Availability-based resource management policies can have some interesting permutations. For example, RAID techniques and remote mirroring affect availability.
How to establish resource management polices to maximize utilization is almost a black art. In established environments, past history may be a good indicator of how to set policies. However, where there is no history, or where past trends are misleading, or where the trend depends on the size of the observation window because of workload cycles, there may be no easy way to establish a resource management policy that maximizes utilization.
Once thresholds have been established and you have metrics to evaluate, the next stage is to define actions to take when thresholds are exceeded. Some actions may be as simple as beginning the procurement process for more disk when you are running out of space. However, unless your IT management staff is very flexible you may need to tailor this action to include projections of requirements for two, four, or even six months of disk provisioning.
Other, more subtle, actions may also be required, such as re-balancing performance or capacity across devices or changing configuration options to reassign resources.
Regardless of how the actions are accomplished, there is the notion of policies that define objectives, policies that describe how to assess a resource, and how to alleviate a constraint.
Data management policies usually contain the finest detail because they focus on application, or process-level, services. For example, a bank might specify that ATM transactions need to be serviced in x amount of time. However, x is the total time for the transaction to make the round trip from the ATM across the network, through the server, query the database table, update the balance, and command the ATM to spit out cash. In reality, such transactions may span several servers and cross many networks before getting to the point where there is a disk I/O, so the budget for I/O can get to be very small.
Service level objectives are the key to defining data management policies. These objectives rank the priorities of applications against one another so that during periods of constraint, decisions can be made about how to distribute resources. Service level objectives also set measurable values to quantify service, so that exceptions can be measured and evaluated. Also, there is the question of how to handle policy exceptions.

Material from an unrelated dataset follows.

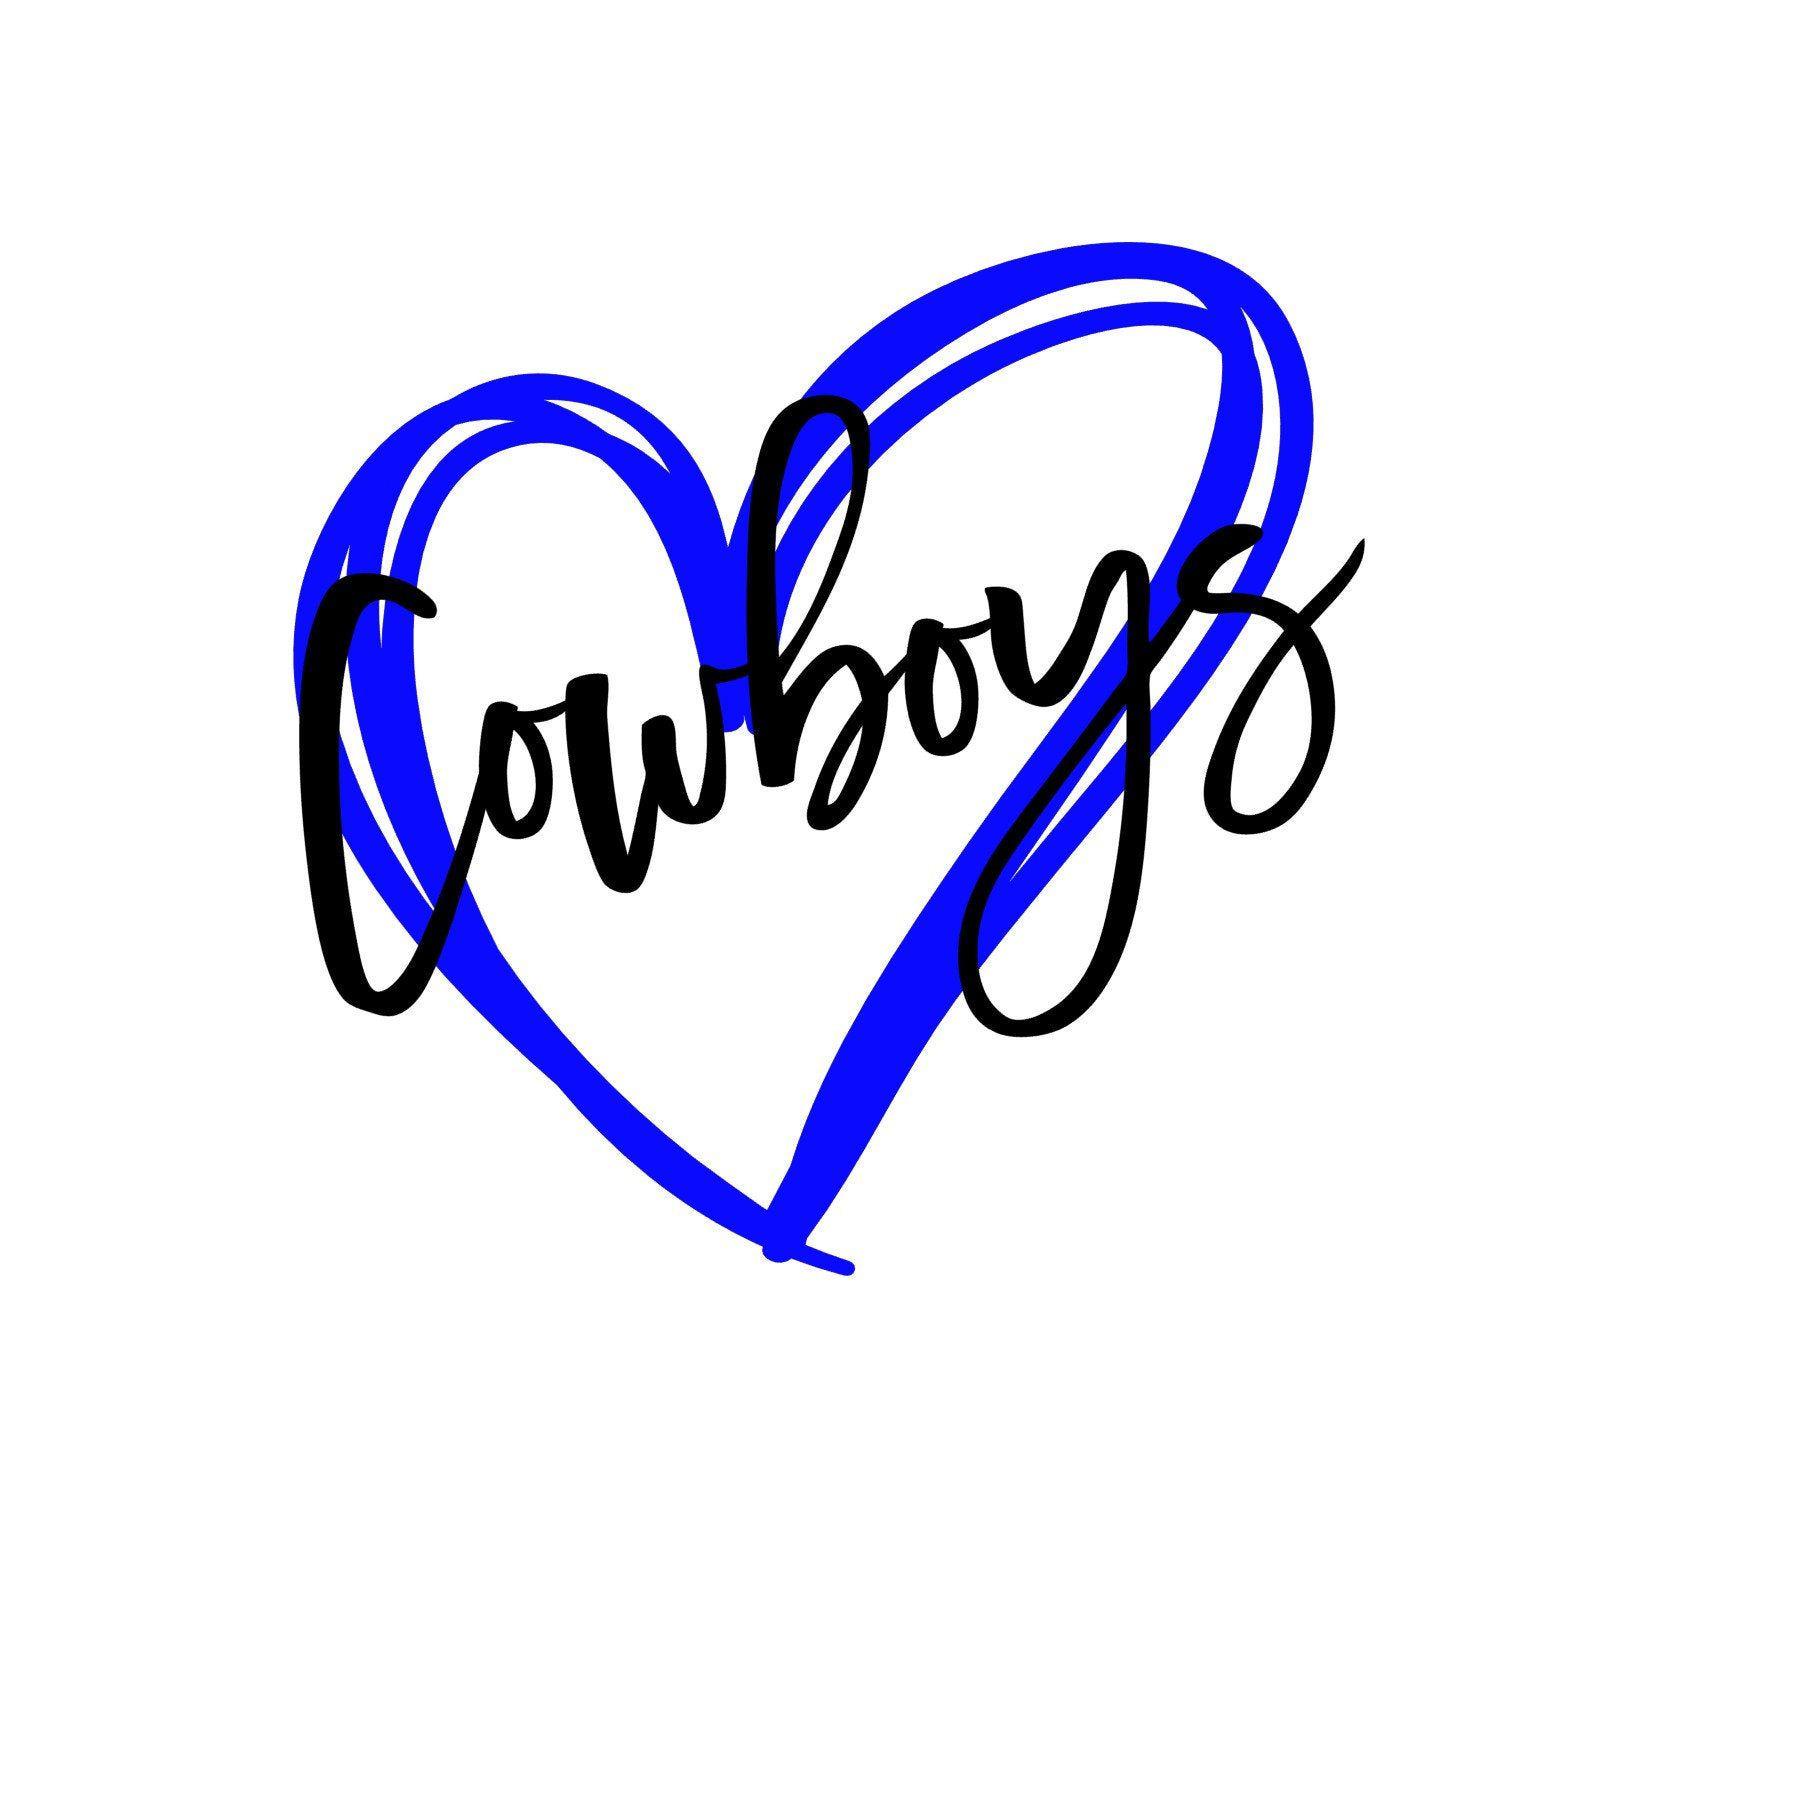 Cowboys Heart SVG Cowboys, Dallas cowboys, Etsy

These exceptions can become complicated because each application or set of applications has its own priority and may have dependent downstream applications with higher priorities.
To further complicate matters, devices or other resources may have several "limiting capabilities." For example, a log file may need to be segregated to its own file system, logical unit, RAID rank, and perhaps even the device because it can absorb the performance capabilities of the device.

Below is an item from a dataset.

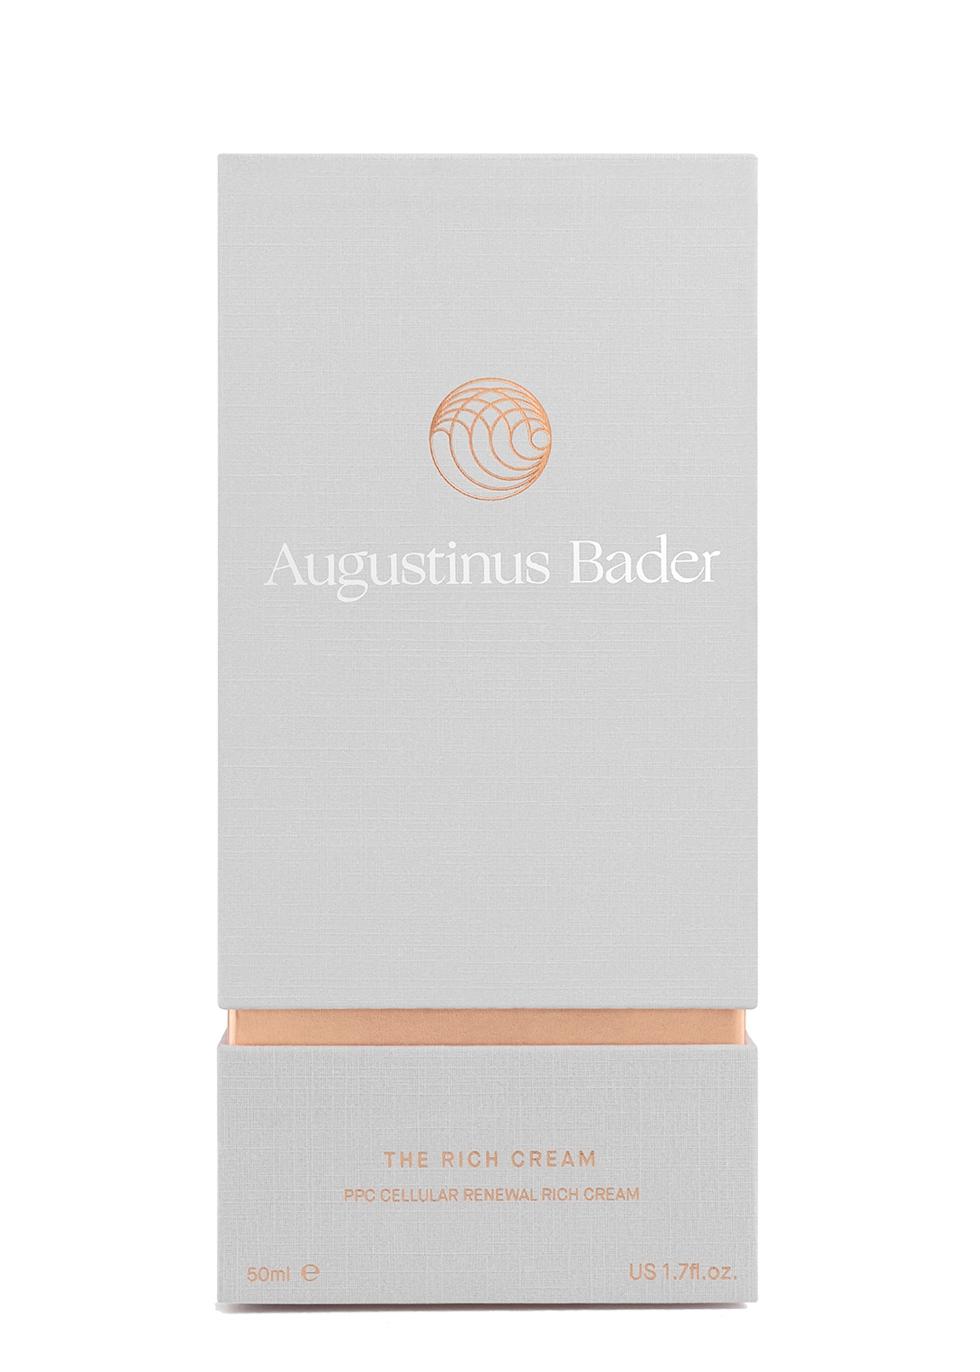 The Rich Cream 50ml - AUGUSTINUS BADER

The process of achieving data management policies requires mapping them over the set of device capabilities and the needs of "neighboring" applications that share resources to evaluate the effect of deploying resources to provision applications.
Solving the policy management gap
There are two groups focusing on methods of addressing policies and policy management in computing systems. The Distributed Management Task Force (DMTF) Policy Working Group is attacking the larger problem of defining service level objectives and implementing evaluation and enforcement mechanisms. The Storage Networking Industry Association (SNIA) Policy Working Group is focused on the storage implications of policies and how to apply policies to storage-related issues. For more information, visit www.snia.org.
Bob Rogers is the chief storage technologist at BMC Software (www.bmc.com) in Houston, TX.